A question about open-pollinated seedlings

Want to share and learn about Hosta hybridizing and seed starting and growing? Then this is the place. Also check out our annual seed exchange held in late fall and winter.

Moderator: redcrx

Dovid
Posts: 18
Joined: Sep 03, 2007 1:28 pm
Location: CT

A question about open-pollinated seedlings

Post by Dovid »

Is there a rule of thumb about the percentage of open pollinated hosta being self-pollinated? I am sure that this is affected by several factors such as whether the variety has viable or low fertility pollen, whether it is part of a mass planting of the same variety or a single instance, whether the variety blooms ahead or behind of most other hostas, whether fertilization is more likely to happen in the morning or afternoon for that variety, etc.
I would assume that the chances of self-pollination are pretty high but this is based on my own limited experience in raising seedlings from pods I happened to have been given by other gardeners rather than a comparison of seed flats from controlled crosses.
User avatar
Chris_W
Administrator
Posts: 8465
Joined: Oct 05, 2001 8:00 pm
USDA Zone: 9
Location: Co. Roscommon, Ireland
Contact:

Post by Chris_W »

Hi Dovid,

I think that if a flower is open pollinated it is self pollinated in almost all cases, but I don't know about exact percentages.
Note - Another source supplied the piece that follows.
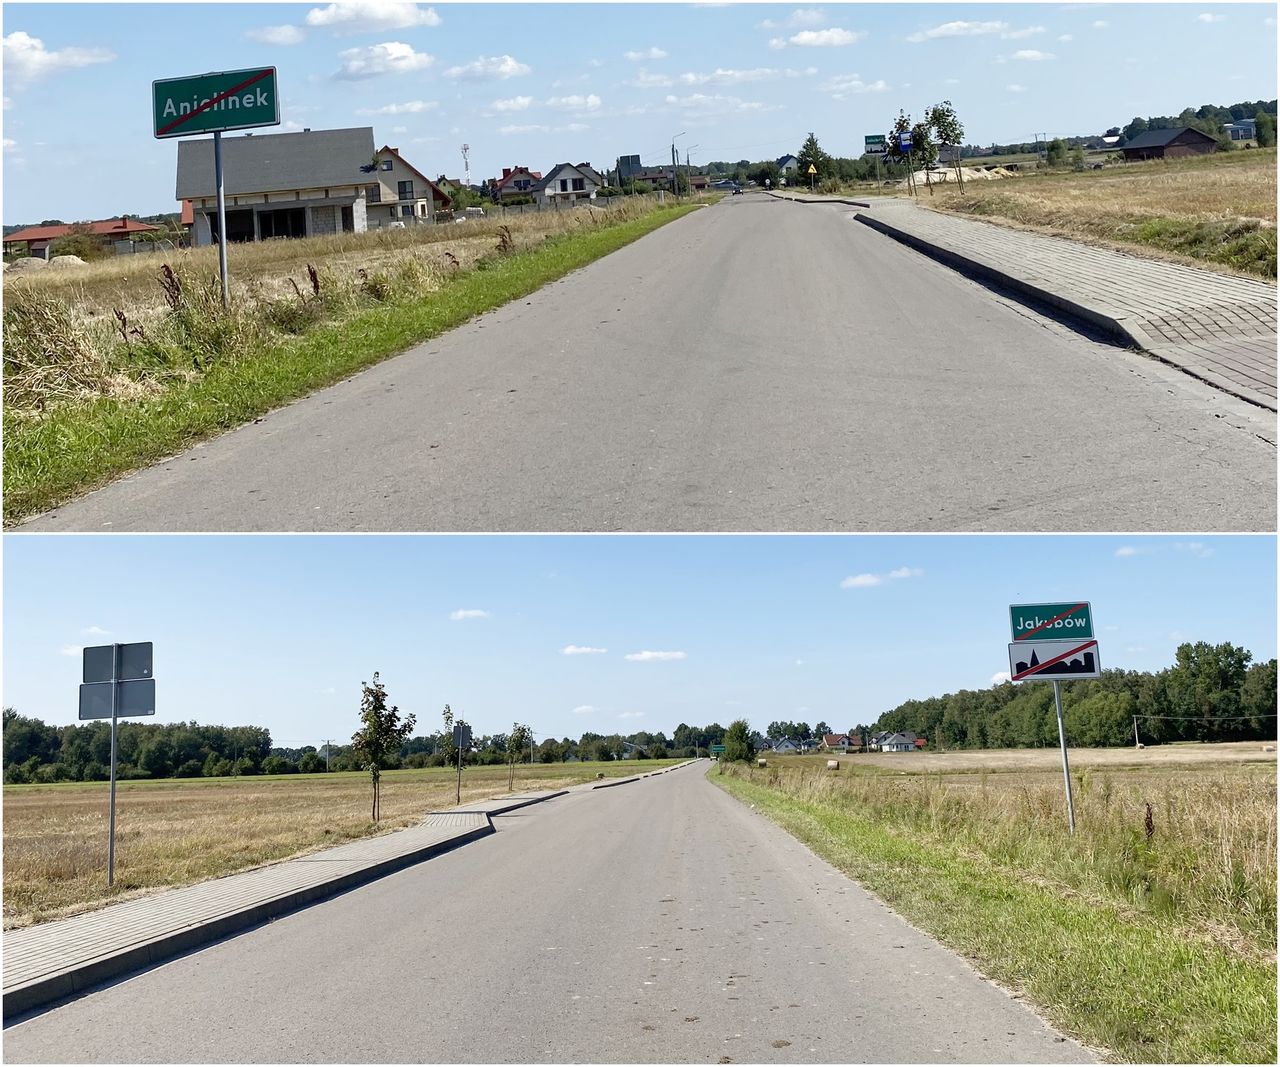 Ta sama droga widziana z dwóch kierunków. Kierowca wyjeżdżający z miejscowości Anielinek  w kierunku miejscowości Jakubów musi jechać z prędkością 50 km/h, ponieważ w tym kierunku nie umieszczono znaku D-43. Jadąc w przeciwnym kierunku, wyjazd z Jakubowa jest oznaczony znakiem D-43, więc może przyspieszyć do 90 km/h, ale tylko do znaku D-42 umieszczonego za znakiem oznaczającym początek miejscowości Anielinek.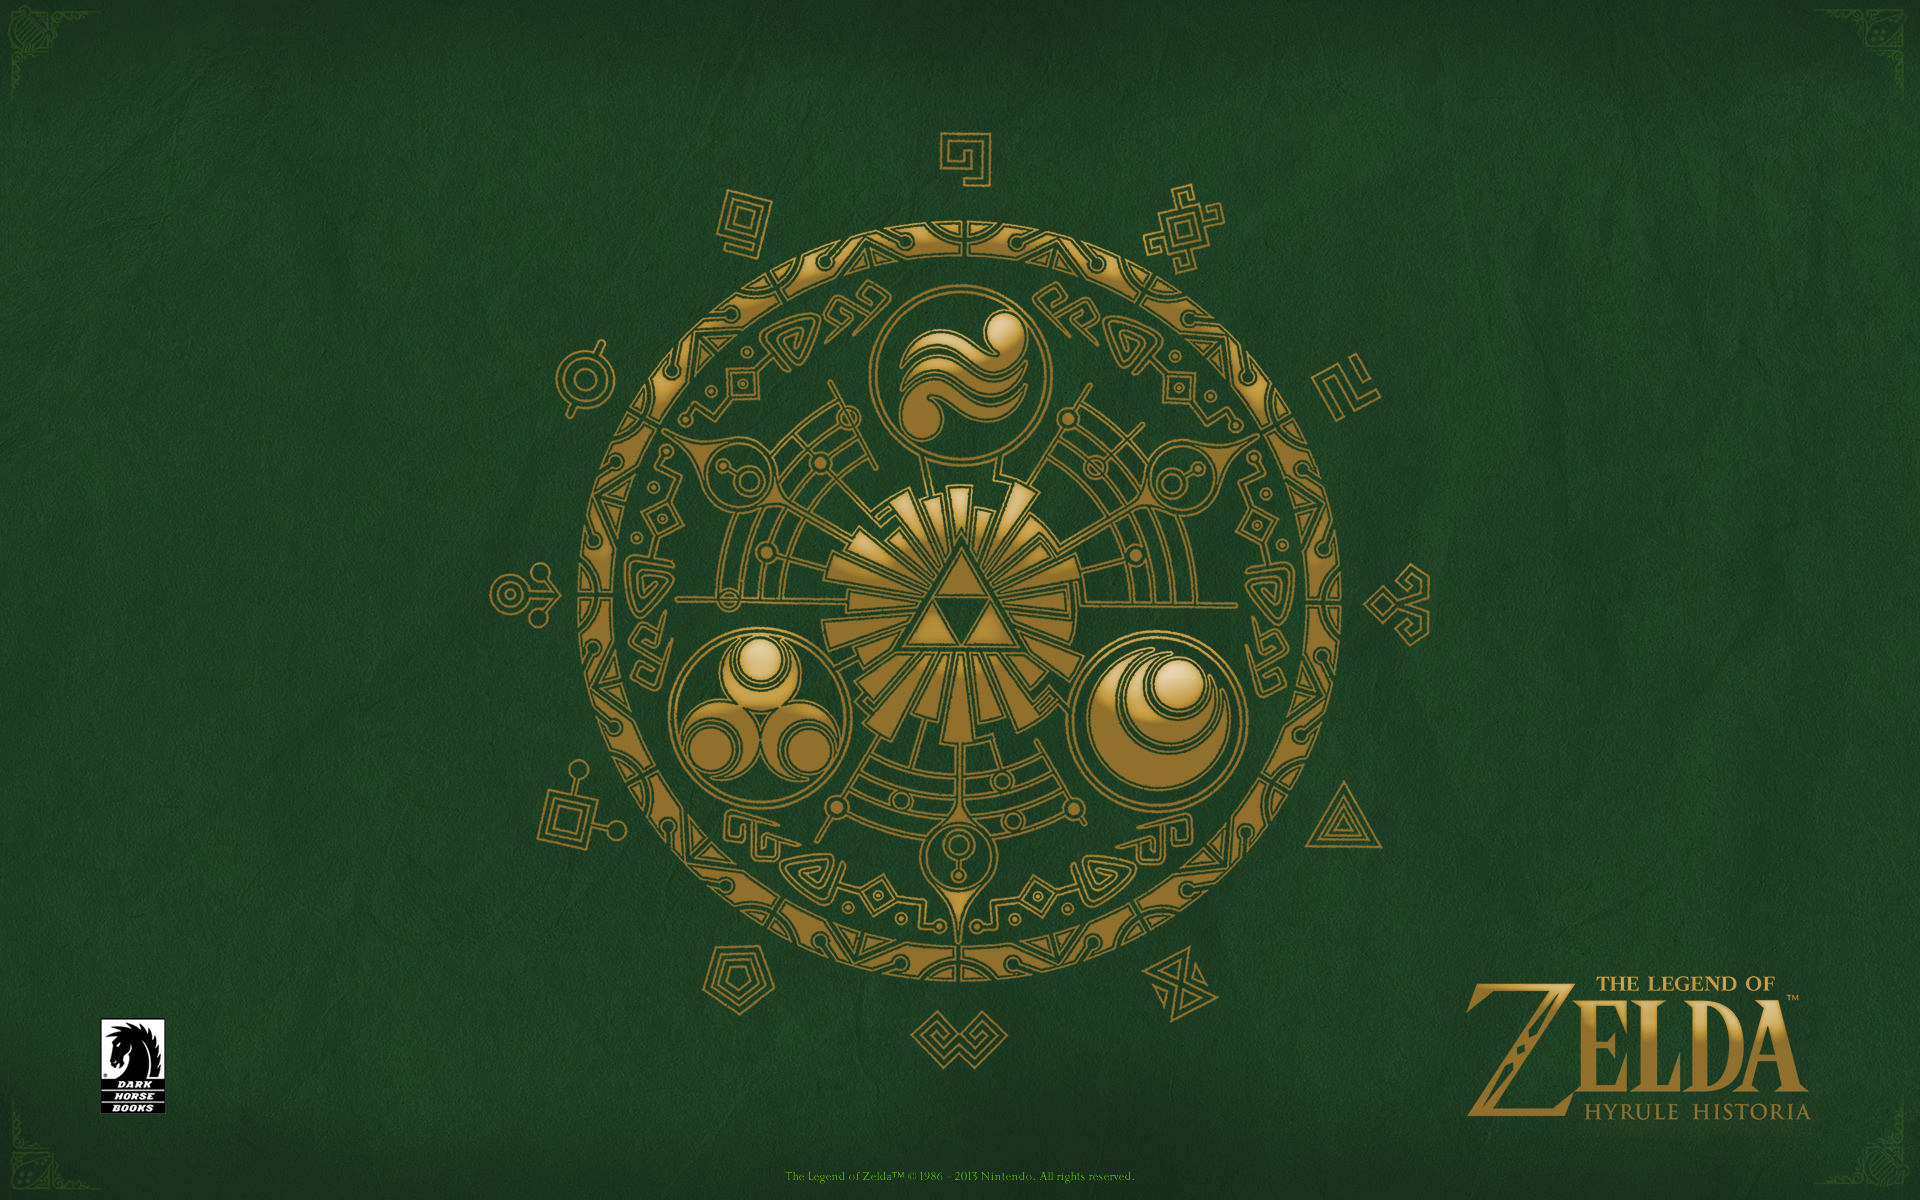 The Legend of Zelda Desktops Dark Horse Comics

I would guess that if you have some other hosta flowers blooming at the same time and in close proximity, plus there is a lot of bee activity then you would see more cross pollination than if your plants were far apart. I also know that some plants will bloom late in the day, so their pollen will be more viable at different times so are less likely to cross with others that bloomed at a different time of day.

The one thing I've noticed here is that our growing area hostas are planted very close together, so I have seen more cross pollination there than in the garden. So while open cross pollination is definitely possible you would need to grow a lot of open pollinated seedlings to find them and then you may not be completely sure about the parents.

I hope that helps. Hopefully others will weigh in on their experiences too.

Chris
Image
User avatar
John
Posts: 2181
Joined: Oct 17, 2001 8:00 pm
Location: Zone 6/7 NJ Shore

Post by John »

I agree that most open-pollinated, are cross-pollinated. My reasoning being that on these particular hostas, nearly every single flower sets a seed pod. Doesn't seem the result of random pollination. Other hostas which set very few pods are more likely to be cross-pollinated. Does that sound right?